[Opening Recorded information section]
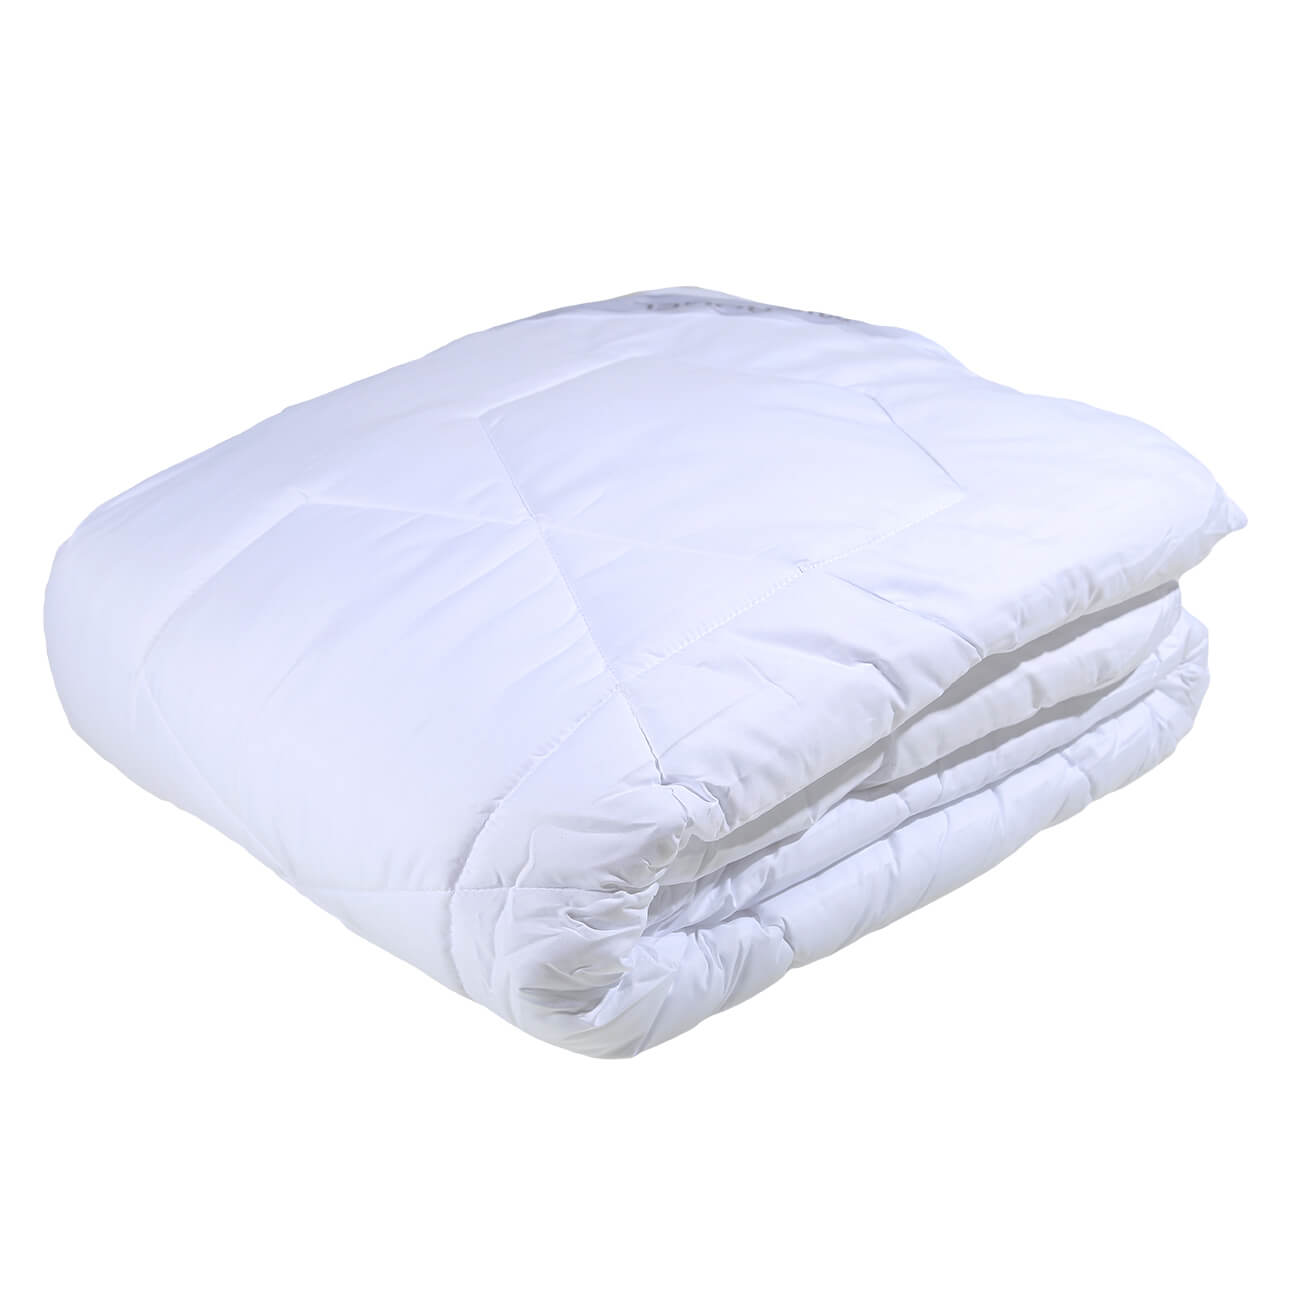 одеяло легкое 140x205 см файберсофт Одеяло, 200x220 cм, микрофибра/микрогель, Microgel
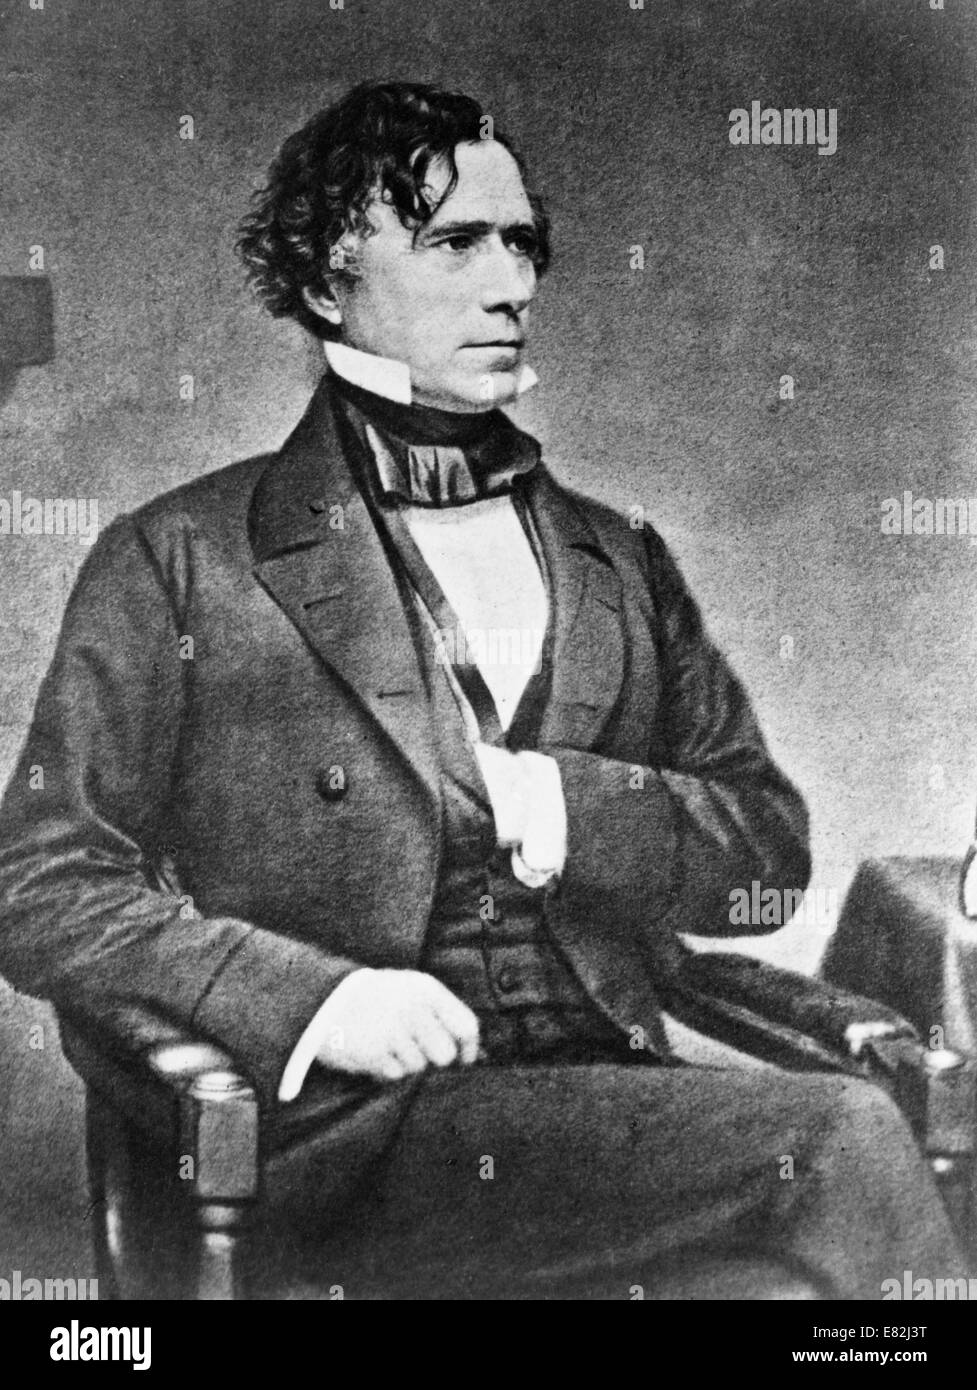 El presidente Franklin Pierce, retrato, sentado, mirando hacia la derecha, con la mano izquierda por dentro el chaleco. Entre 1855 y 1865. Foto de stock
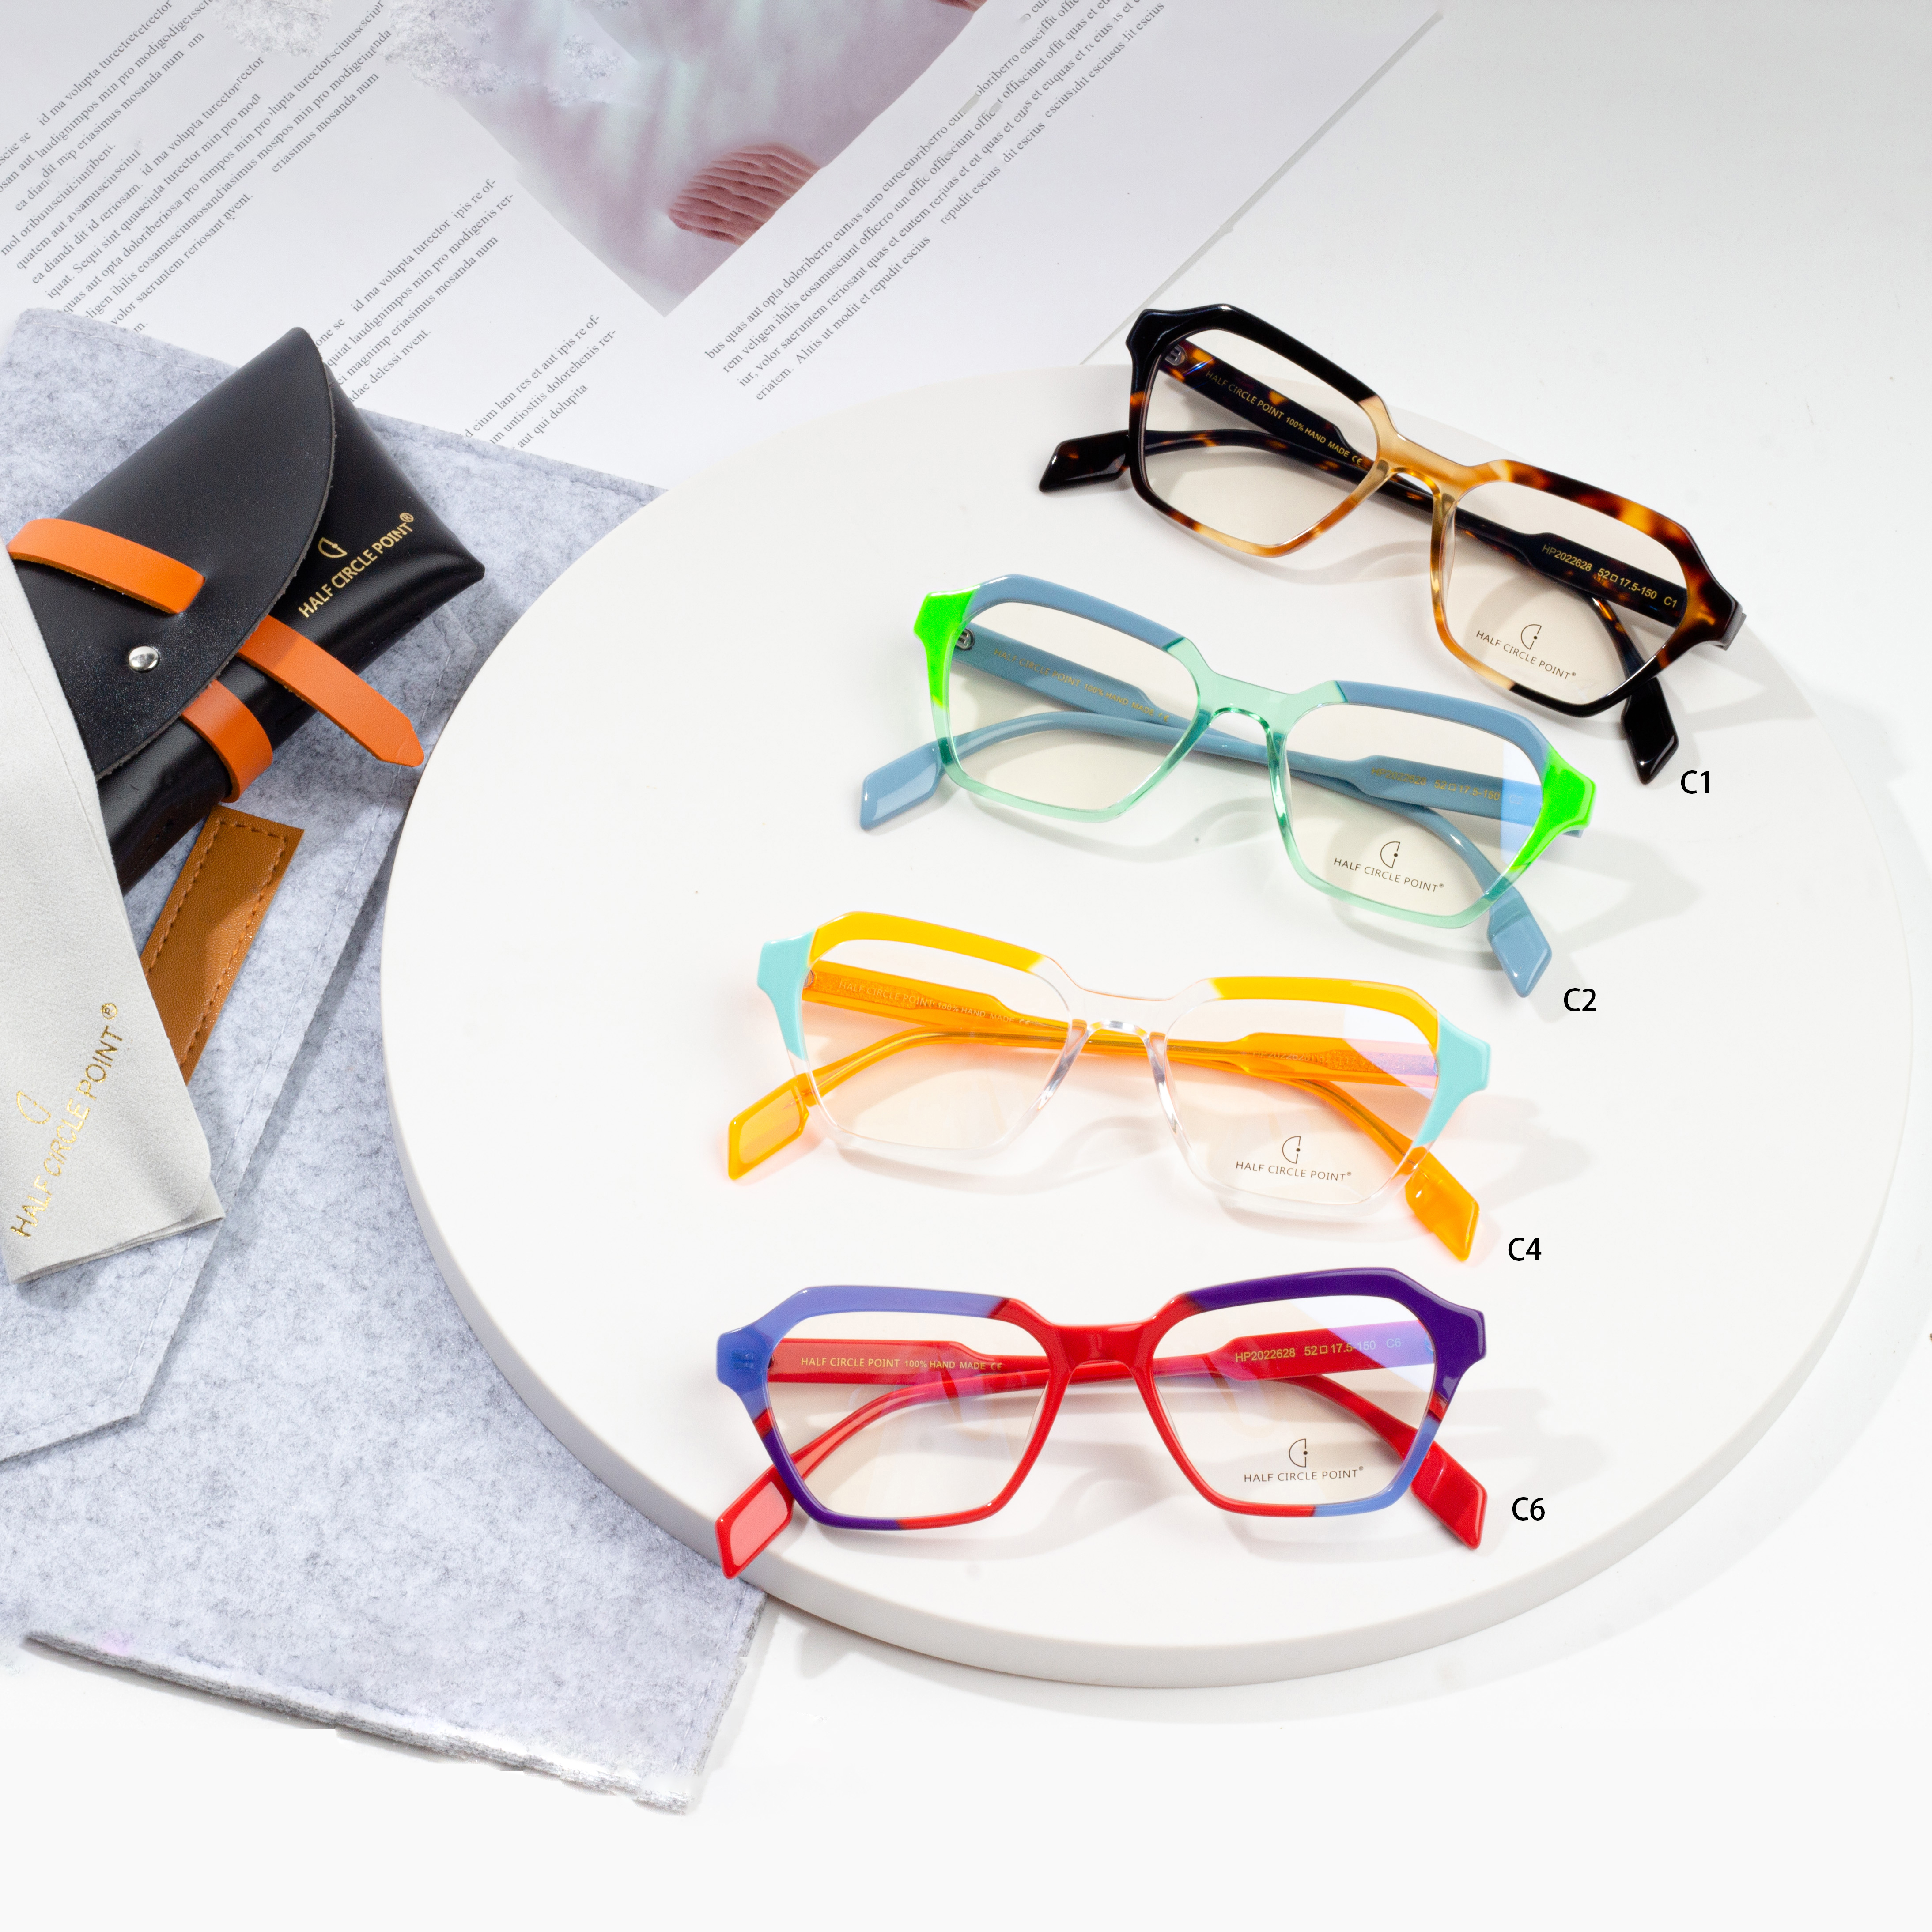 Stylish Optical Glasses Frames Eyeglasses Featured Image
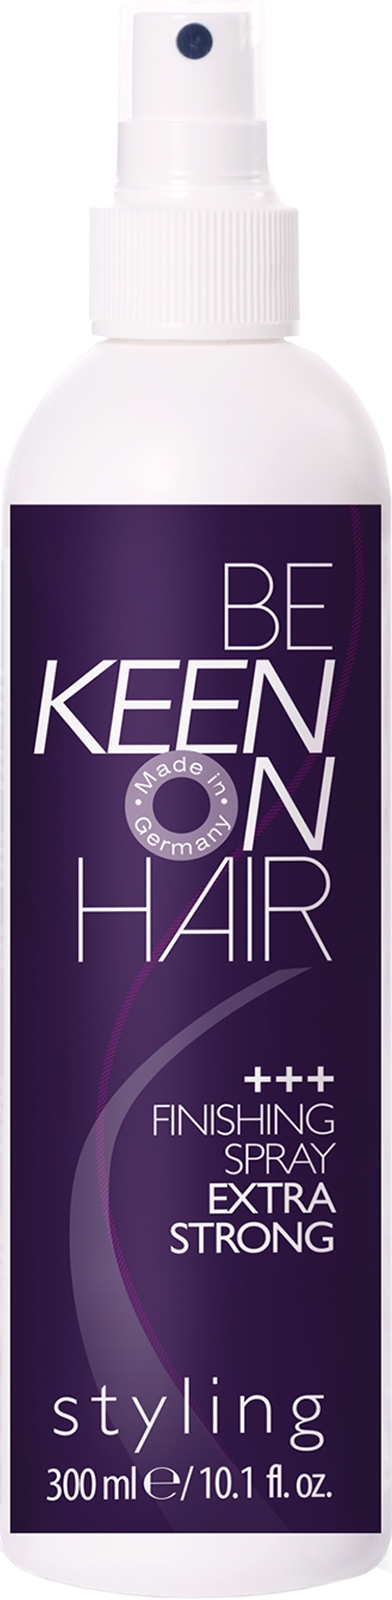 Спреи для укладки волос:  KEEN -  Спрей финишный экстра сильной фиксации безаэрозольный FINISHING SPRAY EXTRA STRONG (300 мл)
[Closing Recorded information section]
Exact repetition required: repeat the first line of the listing above, the line containing "Stylish Optical Glasses", and every line between, leaving out pictures.

 одеяло легкое 140x205 см файберсофт Одеяло, 200x220 cм, микрофибра/микрогель, Microgel
 El presidente Franklin Pierce, retrato, sentado, mirando hacia la derecha, con la mano izquierda por dentro el chaleco. Entre 1855 y 1865. Foto de stock
 Stylish Optical Glasses Frames Eyeglasses Featured Image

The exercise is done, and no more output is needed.